Are you watching for signs?
Links, Pagerank and the Semantic Web – A Prediction
Most bloggers do their own SEO, often in combination with plug-ins, such as All in One SEO Pack or AVH First Defense Against Spam.
Still, it behooves each of us to have at least a working knowledge of what the search engines are looking for and try to find a balance between that and what our readers are looking for.
Even for those that work full-time in SEO that can be a challenge. Search algorithms are constantly changing, the “rules” seem to change nearly as often and the techniques that are most effective vary from one day to another.
Pagerank
One of the things that seems to confound many is Pagerank.
We’ve discussed here before the vast difference between actual pagerank and toolbar pagerank, so I won’t go into that again now. But part of it does lead in to the topic at hand.
Toolbar pagerank was last updated in April of this year.
This marks the longest time between updates that Google has ever shown us. Some are expecting to see the traditional New Year update, but personally, I think we may have already seen the last TBPR update.
The reason I believe that to be the case is that I think Google has been working for some time on developing an alternative to pagerank… something that can’t be so easily “gamed”.
Pagerank is determined solely by the quantity and quality of inbound links, and as such, has directly spawned such practices as link buying, link wheels and link networks. It has also indirectly given birth to pagerank sculpting.

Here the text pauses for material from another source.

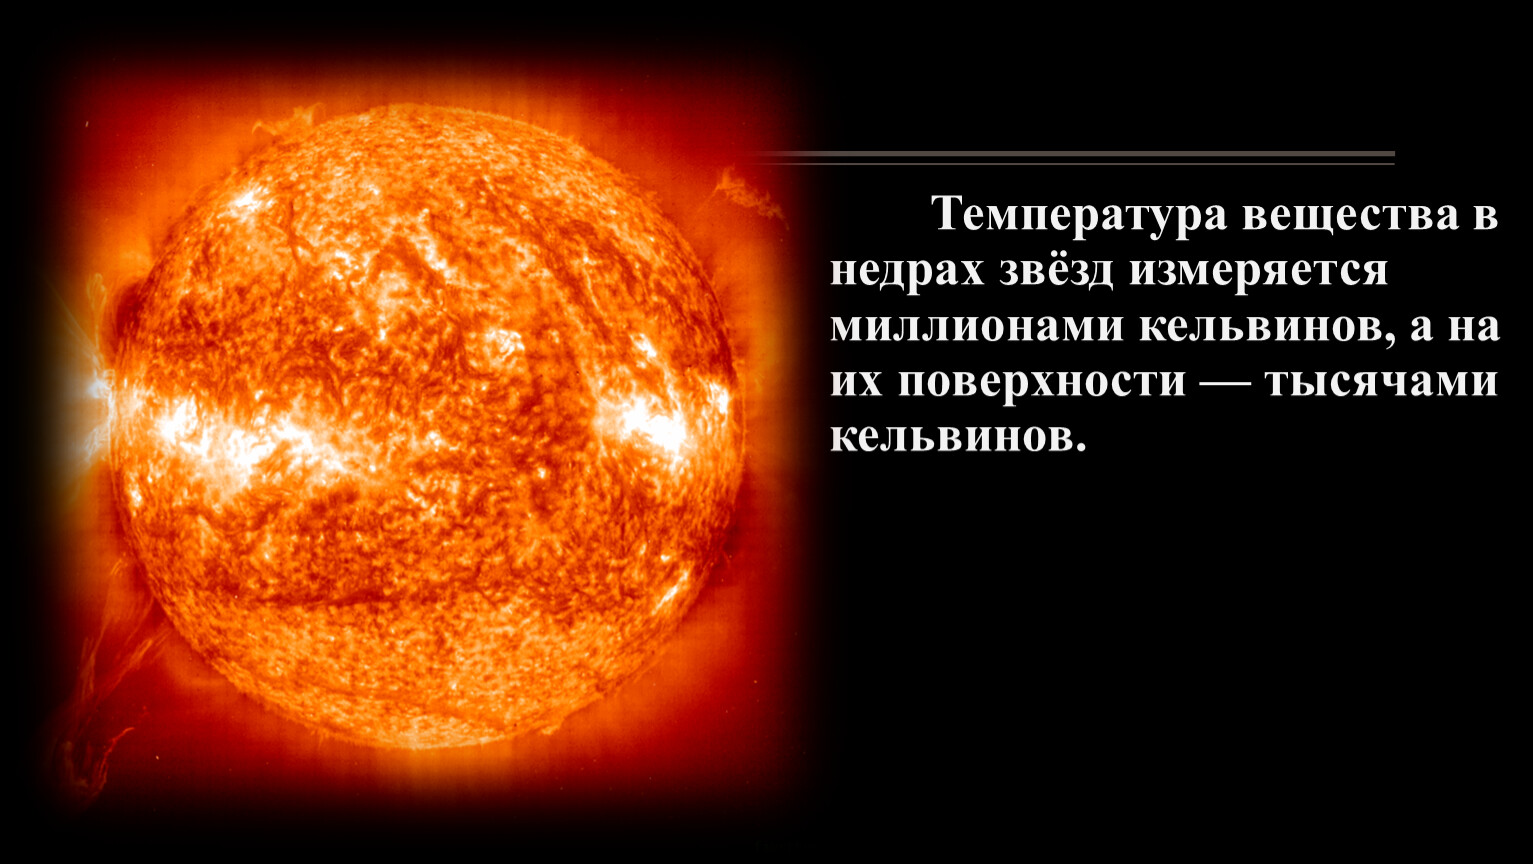 Температура звезд типа солнца

In short, it has promoted link spam, which is something that all bloggers have to deal with.
My theory is that if Google came up with an alternative method of ranking pages that didn’t depend solely upon links to that page, they’d go a long way toward removing the incentive for link spamming.

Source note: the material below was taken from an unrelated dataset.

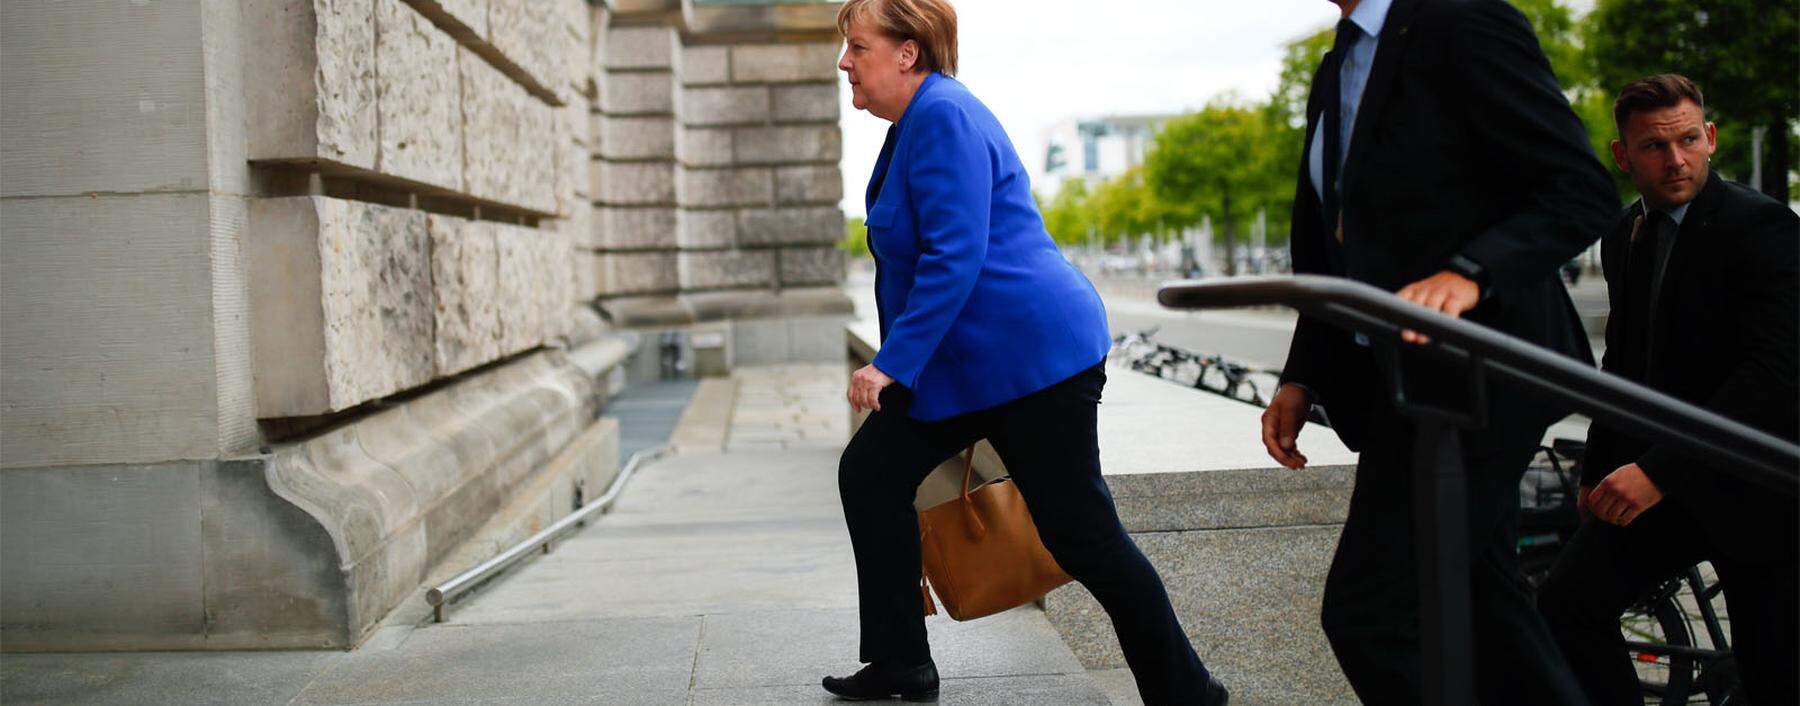 2021 soll endgültig Schluss sein. Dann will die deutsche Bundeskanzlerin, Angela Merkel, die politische Bühne verlassen. Und was wird dann aus der CDU?

There are some bright folks at the Google-Plex… I’m sure they thought of it long before I did.
Pagerank, however, was a very well thought out and designed program. It has certainly played an important positive role in the growth of the Internet. And to think about supplanting it with something else would imply a great deal of change to the way SEOs and site owners judge their performance.
So what could it be replaced with?
Again, my theory… nothing. At least, nothing fixed.

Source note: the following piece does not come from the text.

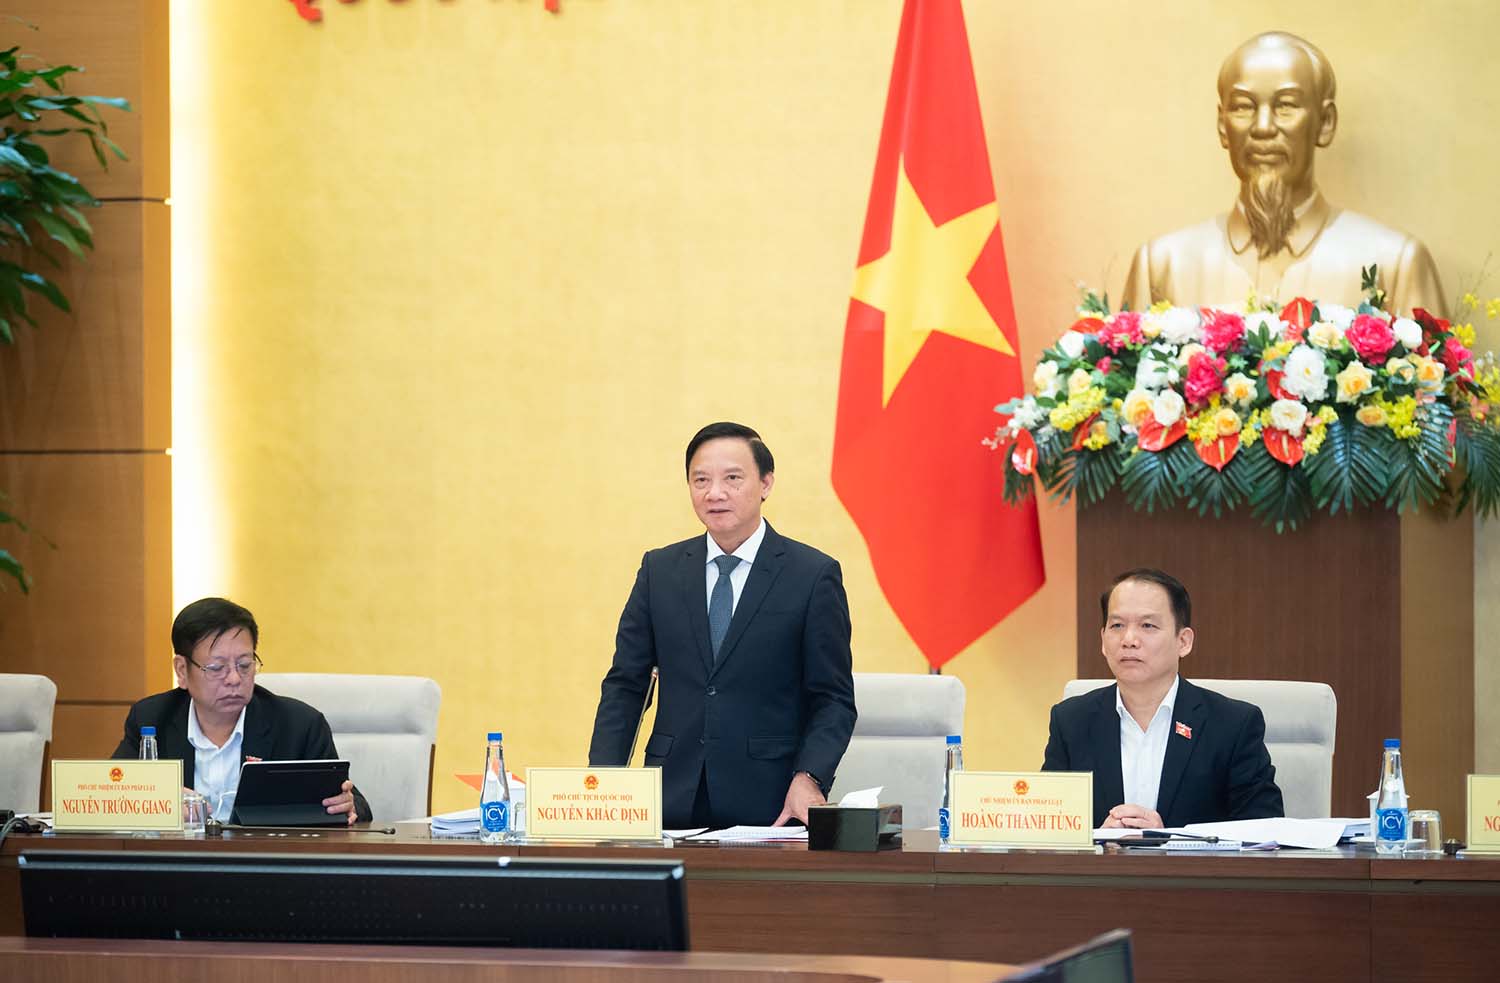 Phó Chủ tịch Quốc hội Nguyễn Khắc Định phát biểu tại phiên họp. Ảnh: VPQH

I think of pagerank’s replacement as more of a relevancy rank.
Where pagerank is one of many factors that enter into a page search engine ranking, relevancy rank (RR?) would actually be the end result. It would vary, probably greatly, from one search query to another.
Relevancy rank would be computed “on the fly”, by a somewhat expanded algorithm, which would judge a page’s relevancy to a specific search query, and assign it a SERPs ranking based upon that evaluation.
There’d be no indicator bar on the toolbar, because there would be no fixed rank assigned.
Links
Part of that transition would be to greatly devalue the impact of incoming links.
They could theoretically be devalued totally, but I really doubt that will happen.
I think there will always be a call for links, and I suspect they will still play some minor part in the relevancy evaluation. But greatly reducing their impact will effectively remove the incentive for much of the link spam that exists today.
When you think about what Google already accomplishes in mere milliseconds with their algorithms, I really don’t think it’s a big stretch to think that they’re capable to accomplishing this.
And as they (and the other search engines) get closer and closer to achieving the Semantic Web capability that Tim Berners-Lee envisioned when he made this statement in 1999:
“I have a dream for the Web [in which computers] become capable of analyzing all the data on the Web – the content, links, and transactions between people and computers. A ‘Semantic Web’, which should make this possible, has yet to emerge, but when it does, the day-to-day mechanisms of trade, bureaucracy and our daily lives will be handled by machines talking to machines. The ‘intelligent agents’ people have touted for ages will finally materialize.”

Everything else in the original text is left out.